A roadmap for experimentally confirmed miRNA target prediction. (1) The expression levels for each miRNA were statistically confirmed. (2) Target predictions based on experimentally verified were preformed, and each target was confirmed upon searching reported research. (3) Targets related to AD were screened for further analysis. (4) Only reported binding site sequences of miRNA and mRNA were considered the miRNA’s target. (5) Qualified targets and miRNAs were classified to describe in this study

Results

Protective and Risk Factors of Alzheimer’s Disease

In order to investigate the protective and risk factors for Chinese AD patients, we analyzed the sociodemographic and lifestyle characteristics of 109 individuals. Our analysis revealed that 60 AD patients were significantly correlated with low BMI, low education level, depression, poor social connection, poor leisure activities, smoking habit, and low tea consumption (Table 1).

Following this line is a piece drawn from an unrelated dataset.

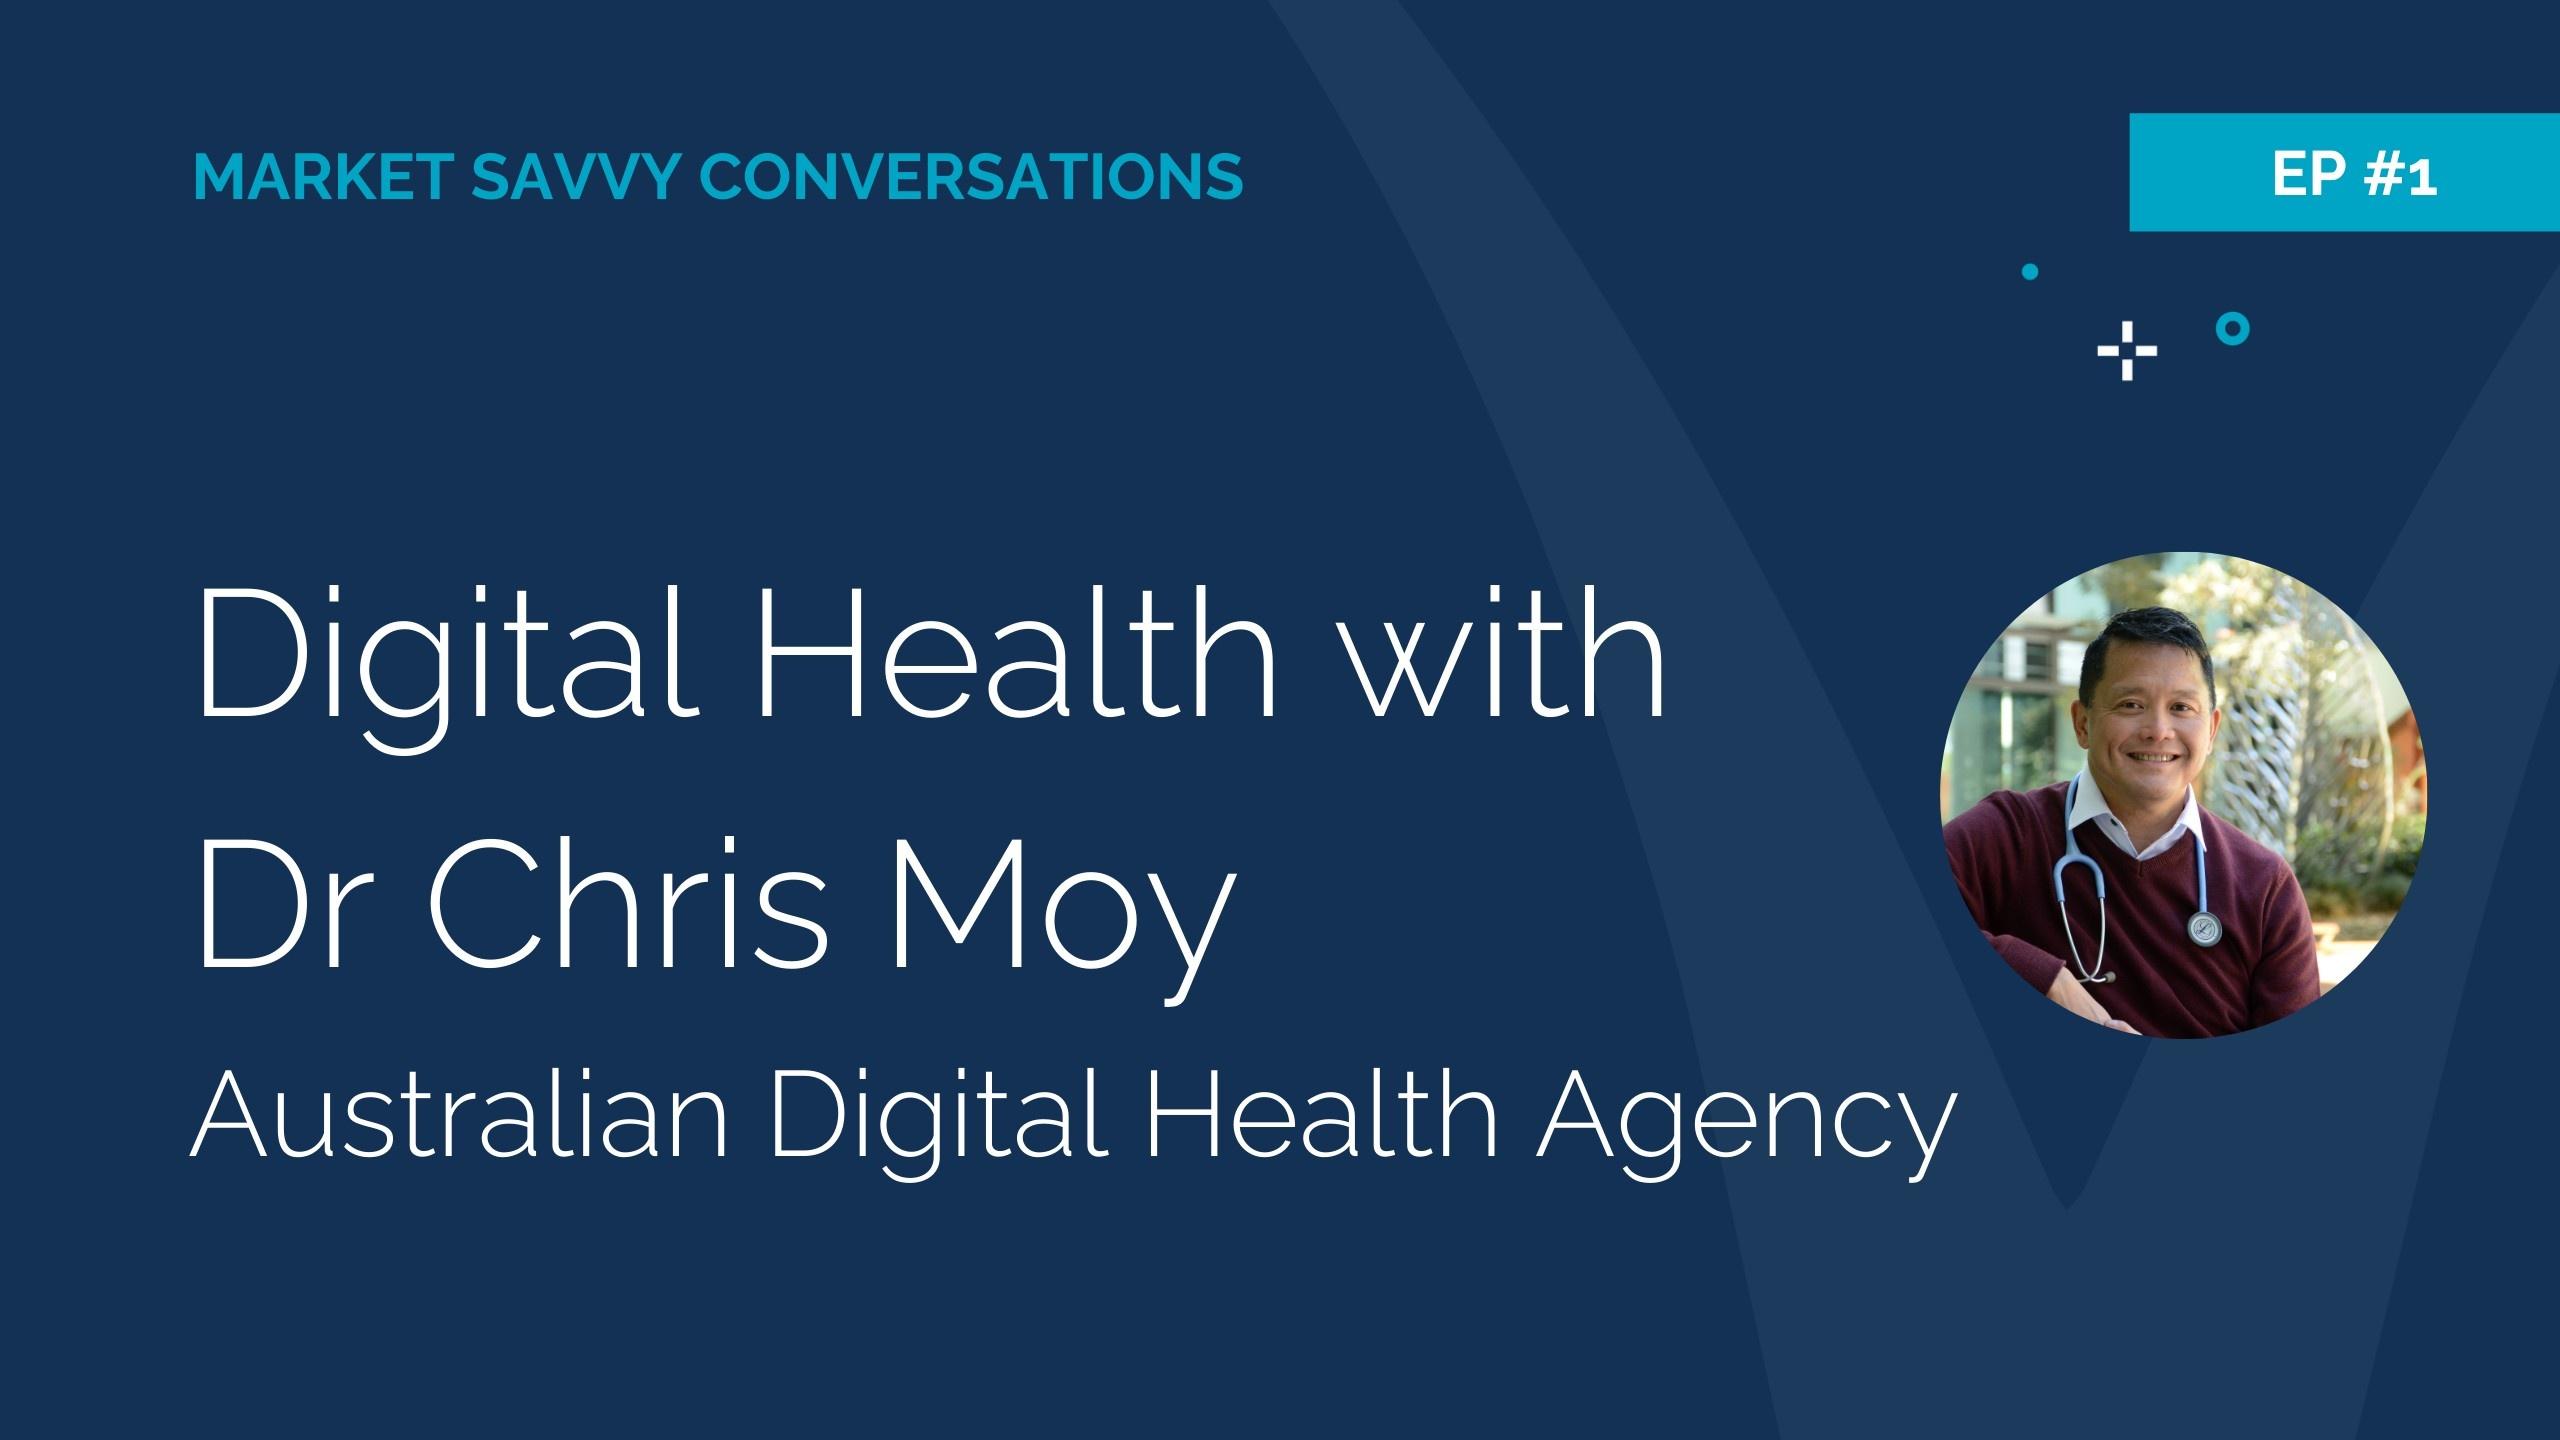 Dr Chris Moy Future of Digital Health Market Savvy podcast

Further investigation of the protective and risk factors of AD was conducted by performing risk evaluation analysis, wherein the BMI categories “Normal weight,” “Overweight,” and “Obese” were merged into the category “No” in the “Underweight” category; education level categories “Elementary School,” “Middle School,” “High School,” and “College” were merged to the category “Yes” of Education; social connection categories “Low” and “Moderate” were merged into “Low and moderate” (Supplemental Table 1, Table 2). Our results show that the OR ratio (95% CI) for underweight was 2.151 (1.509–3.066), smoking was 1.993 (1.356–2.930), and depression was 3.696 (2.607–5.239), implying that these three factors were possible risk factors for Chinese AD patients. The OR ratio (95% CI) for education level was 0.028 (0.004–0.197), tea consumption was 0.198 (0.052–0.748), leisure activity was 0.038 (0.010–0.150), and social connection was 0.384 (0.214–0.690), implying that these factors were possible protective factors for Chinese AD patients (Table 2).

Therefore, higher education level, tea consumption, leisure activity, and high social connection were protective factors; whereas low BMI, smoking habit, and depression were risk factors for Chinese AD patients in this study.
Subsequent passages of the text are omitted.